Hand shape: The HamNoSys system defines 12 standardized forms that represent different hand shapes. Additionally, HamNoSys facilitates the specification of the extended finger by incorporating the appropriate symbol (ranging from 1 to 5) to indicate the finger being extended.
Hand orientation: Hand orientation information is divided into two parameters within HamNoSys. The first parameter refers to the direction of the base of the forefinger, which signifies the hand’s axis orientation.

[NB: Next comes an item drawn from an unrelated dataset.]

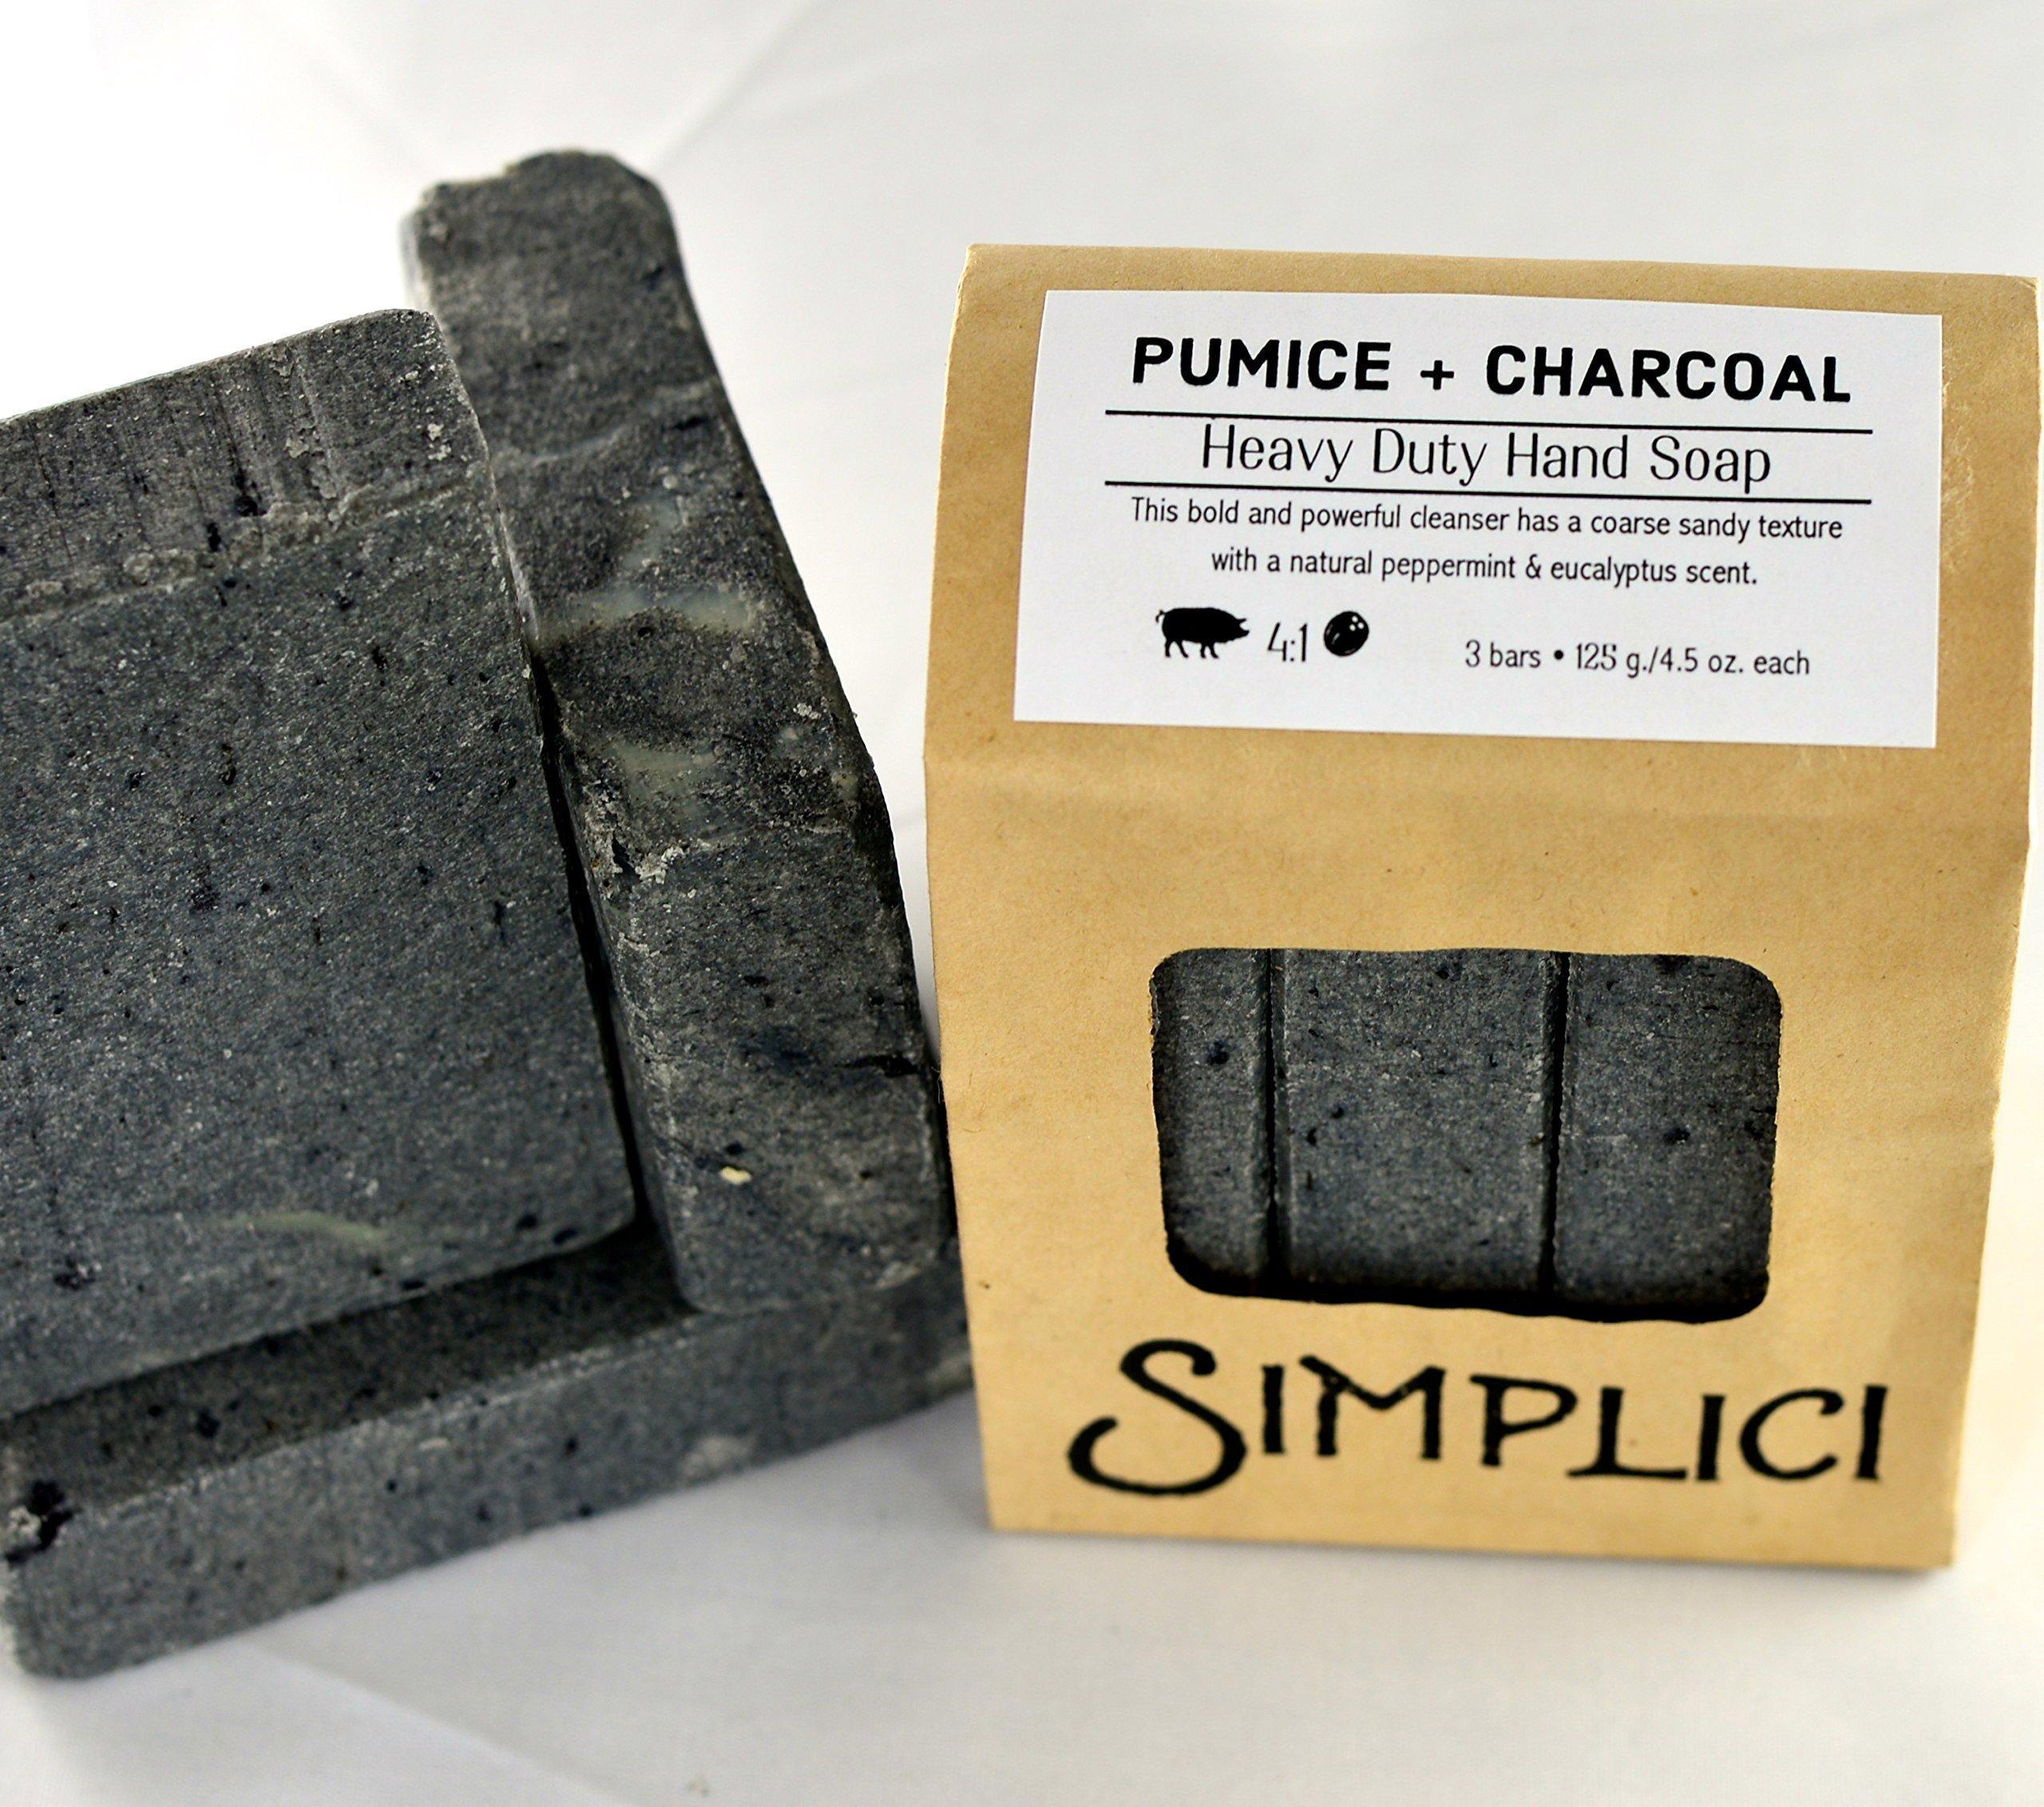 SIMPLICI Pumice + Charcoal + Shea Butter, Heavy Duty Hand Soap

The second parameter encompasses the palm’s orientation, which determines the hand’s alignment along the axis.

The extended finger direction (EFD) corresponds to the direction that would be indicated by the extended finger, offering a total of 26 feasible representations.

Furthermore, the orientation of the palm is characterized by eight distinct values, indicating various orientations relative to the hand’s shaft.

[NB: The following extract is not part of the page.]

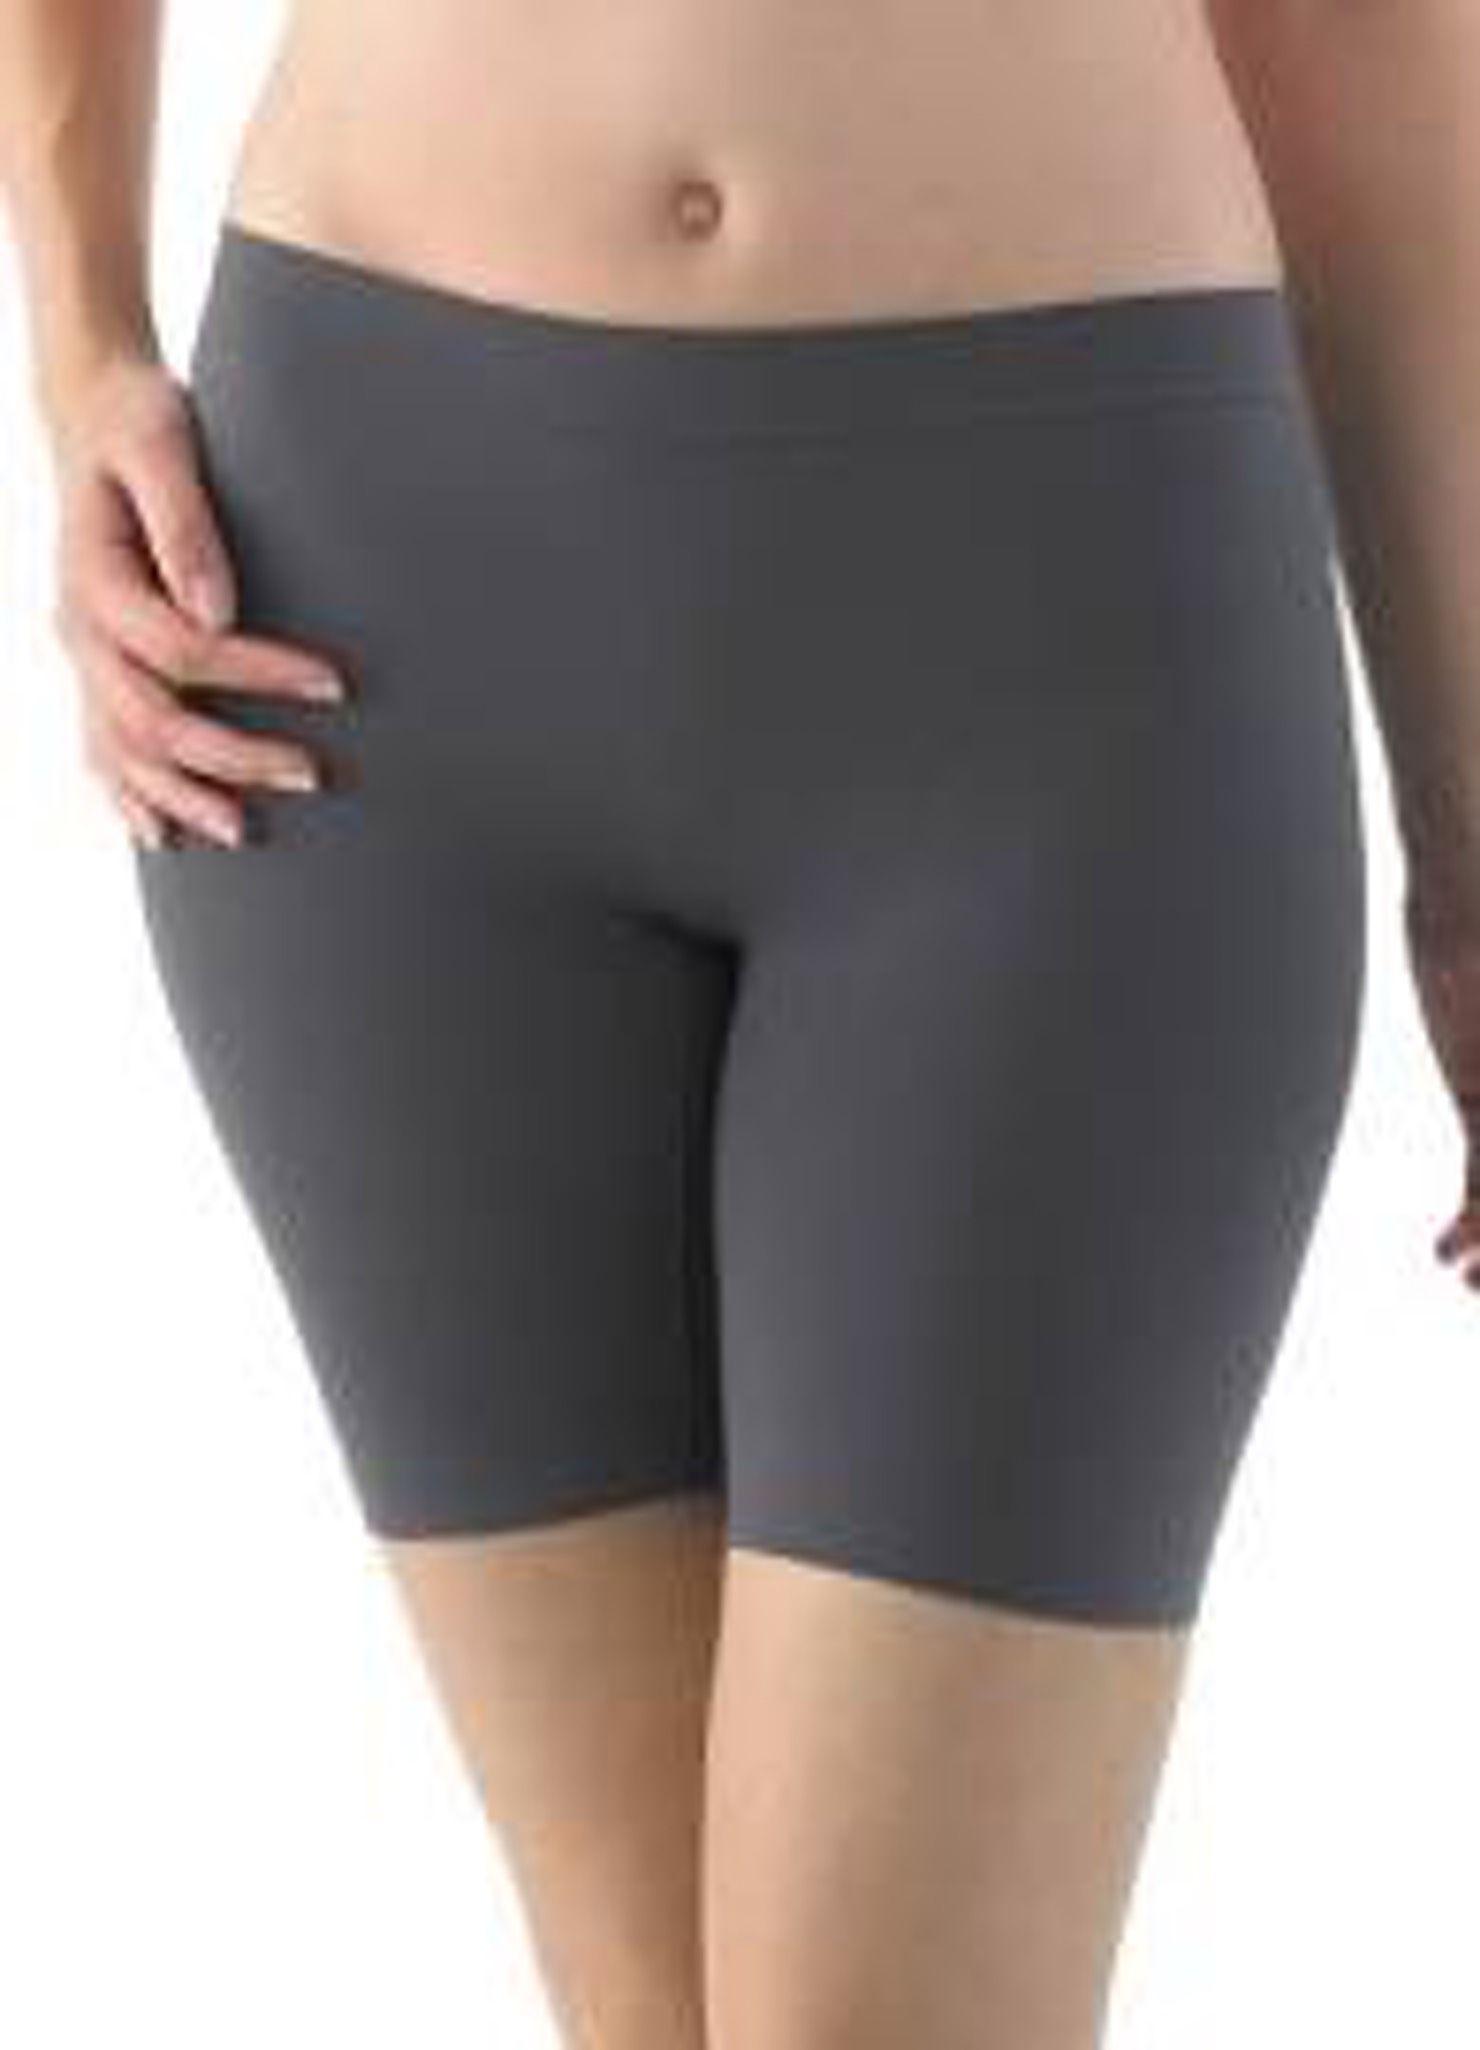 Womens Cotton Shorts Cycling Dance Short Length lot All girls short Underwear

Hand position: Within HamNoSys, a set of symbols exists to describe the positioning of the hand relative to the body. This includes the indication of contact between the hand and specific body parts, as well as intermediary positions between two defined symbols.
Hand movements: Describing hand movements within HamNoSys can be complex. HamNoSys accommodates the definition of hand movements in spatial terms, as well as movements that do not alter the hand’s location.
Regarding the hand movements through space, the following categories are recognized: straight, curved, circular, or movements aiming at a particular location. Each have multiple representations denoting distinct movement types. On the other hand, movements without changing the hand’s placement may refer to changes in the shape or orientation of the hand, movement of the wrist, and movement of fingers.

2.2. Videos Generation

To depict the sign language representations, we used a software program developed in Visual C++ [17] that allows users to specify one of three available avatars to embody the sign language expressions. This software incorporates several avatars developed in the eSIGN and DictaSign [18] European projects [16,19] as an ActiveX control. This control includes a software library that contains all the necessary methods for animating and virtualizing the avatar. This software has been developed by the Virtual Humans Group in the School of Computing Sciences at University of East Anglia [20] and it can be used on terms equivalent to Creative Commons BY-ND, allowing for its use in research. Some significant methods are:

GetFrameRate(): Yields the rate of frames per second set to represent a sign;
SetFrameRate (short nNewValue): Sets a rate of frames per second for the representation of the signs;
Initialise (long t): Loads the corresponding animated avatar;
PlaySiGML (LPCTSTR bsSIGMLIn): The animated avatar represents the signed described in the file;
SwitchAvatar (long t): Lets you change the displayed animated avatar.

The Visual C++ program depicts each sign (from the SiGML description) using the specified avatar, generating a separate video for each represented sign. These videos are then divided into frames, and the resulting files are saved locally in avi format for the videos and bmp format for the frames.

Figure 4 displays the block diagram illustrating the process of generating the target database.

As a result of the entire process described above, a comprehensive dataset is obtained comprising a total of 6786 videos featuring 754 different words and sets of words represented through sign language by three distinct avatars from three viewpoints. Within this dataset, one-third of the videos feature the avatar facing forward, while the remaining two-thirds feature the avatars facing to the right and left. For each video generated we have obtained a frame periodically, resulting in an average of 21 frames per sign.

Figure 5 shows examples of three signs included in the dataset, including representative frames from each sequence.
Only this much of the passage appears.